Para o time da XP, esse movimento marca um ponto de inflexão para o setor nuclear, à medida que grandes empresas privadas – em particular, as big techs – têm a perspectiva de se tornarem grandes compradoras dessa fonte, especialmente sob o “crescente estresse” sobre as redes elétricas.
Um dos exemplos recentes citados é o da Meta. Neste mês, a companhia de Mark Zuckerberg contratou 1,1 gigawatt de energia da Constellation Energy, em um contrato com início previsto em 2027 e prazo de 20 anos.
“A entrada das big techs, tradicionalmente afastadas do setor, representa uma transformação estrutural, introduzindo uma nova e robusta fonte de demanda para a capacidade nuclear”, observa, em outro trecho, a XP.
O relatório também recorre a alguns dados para ilustrar o crescimento dessa demanda que promete reposicionar a energia nuclear como uma alternativa escalável dentro do mix de fontes de energia no futuro.
Nos EUA, que concentram cerca de 33% dos data centers globais, o consumo desses centros deve crescer de 200 terawatts/hora, em 2022, para 260 terawatts/hora, em 2026, com a projeção de alcançar 11,7% de toda a eletricidade consumida no país até o fim da década, ante um índice atual de 4,3%.
A XP pontua que, à medida que crescem em escala e intensidade, os data centers passam a consumir volumes de energia comparáveis aos de cidades de porte médio.
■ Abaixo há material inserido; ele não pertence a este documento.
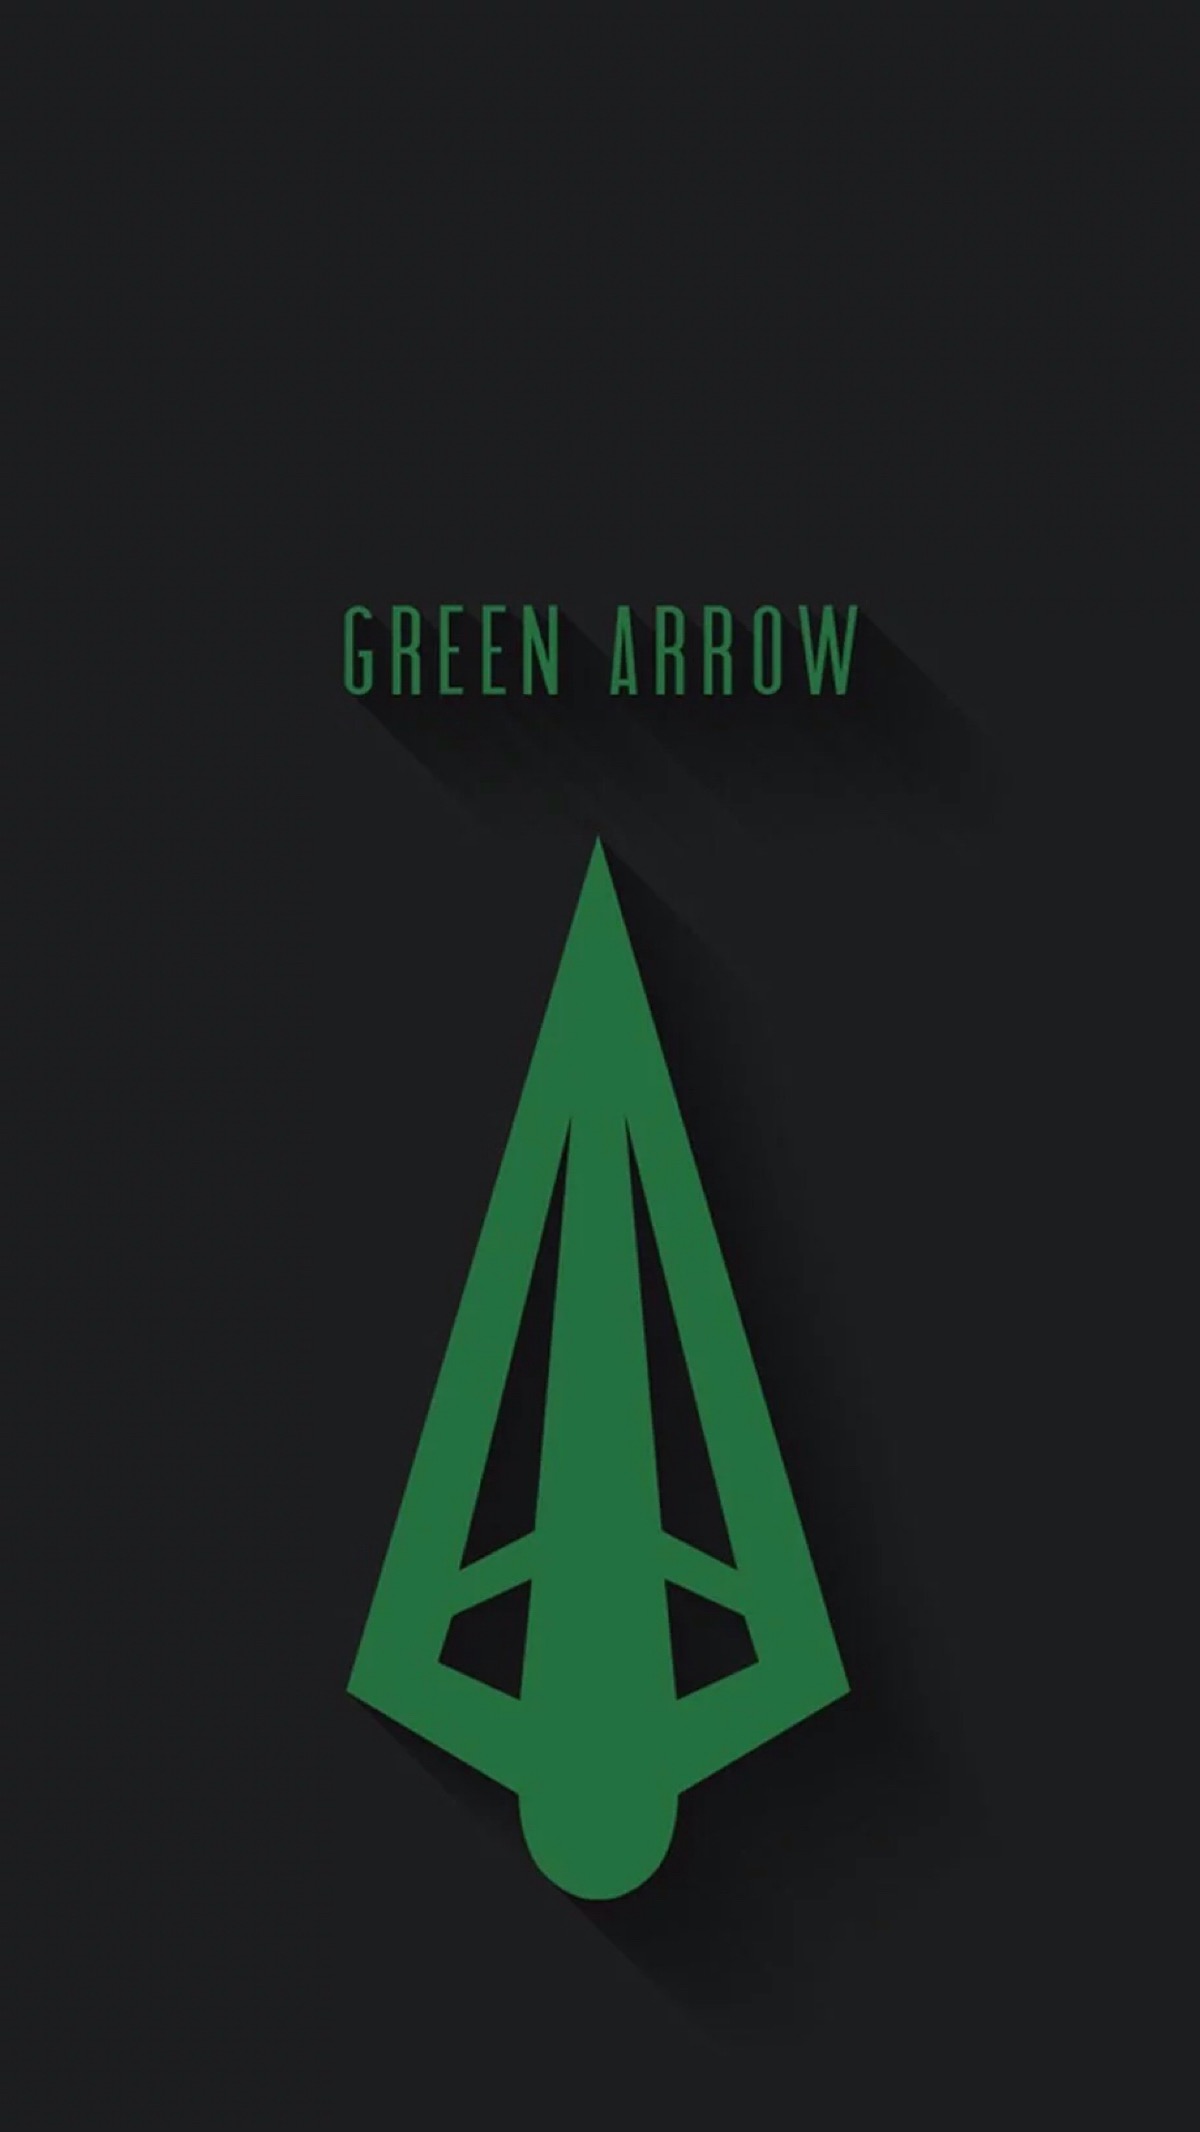 绿箭logo含义图片

Um outro dado mostra qual o peso da inteligência artificial nessa conta. Os analistas observam que, segundo dados do Electric Power Research Institute, o ChatGPT consome até 10 vezes mais energia do que uma busca tradicional no Google.
Na mesma base de comparação, a ferramenta da OpenAI emite 340 vezes mais dióxido de carbono (CO2) do que uma busca no serviço do Google e consome 58 vezes mais energia diariamente.
Juntamente com essa demanda explosiva e com um arcabouço regulatório cada vez mais favorável a projetos e reatores, a XP elenca ainda fatores como a busca por diversificação das matrizes energéticas para reduzir a dependência excessiva de combustíveis fósseis e os compromissos de descarbonização.
Na direção da oferta, o relatório frisa que a capacidade global está prestes a expandir significativamente, com 66 reatores em construção e cerca de 90 em fase de planejamento, o que traduz um dos maiores níveis de atividade das últimas três décadas.
Em outros números, a Agência Internacional de Energia estima que a capacidade nuclear global deve subir de 416 gigawatts elétricos, em 2023, para 647 gigawatts elétricos, até 2050. Essa retomada tem sido, porém, seletiva, com boa parte dos projetos concentrada na Ásia.
A XP ressalta, no entanto, alguns desafios nessa onda. Entre eles, o fato de que as usinas nucleares estão entre os projetos energéticos mais intensivos em capital, exigindo grandes investimentos antes de gerarem receita.
Outra barreira a ser superada é a falta de mão de obra qualificada. Assim como os longos prazos para implementação, dado que os projetos nucleares geralmente levam de 10 a 15 anos entre o planejamento e a operação, com mais 3 a 5 anos necessários para licenças e aprovações.
Já no que diz respeito às alternativas para investidores nessa área, a XP cita modalidades como os trusts de urânio físico e os ETFs focados em urânio. Assim como as empresas de capital aberto que atuam em diferentes etapas da cadeia do setor.
Nesse ponto, companhias que têm conexões com a inteligência artificial também são destaque. Entre elas, a própria Constellation Energy, que, além da Meta, fechou um acordo de 20 anos de fornecimento de energia com a Microsoft, também com a IA como pano de fundo.
Outro nome é a Oklo, startup de microreatores que tem Sam Altamn, cofundador da OpenAI, Google e Amazon entre seus investidores. E que, nesta semana, concluiu uma captação de US$ 460 milhões.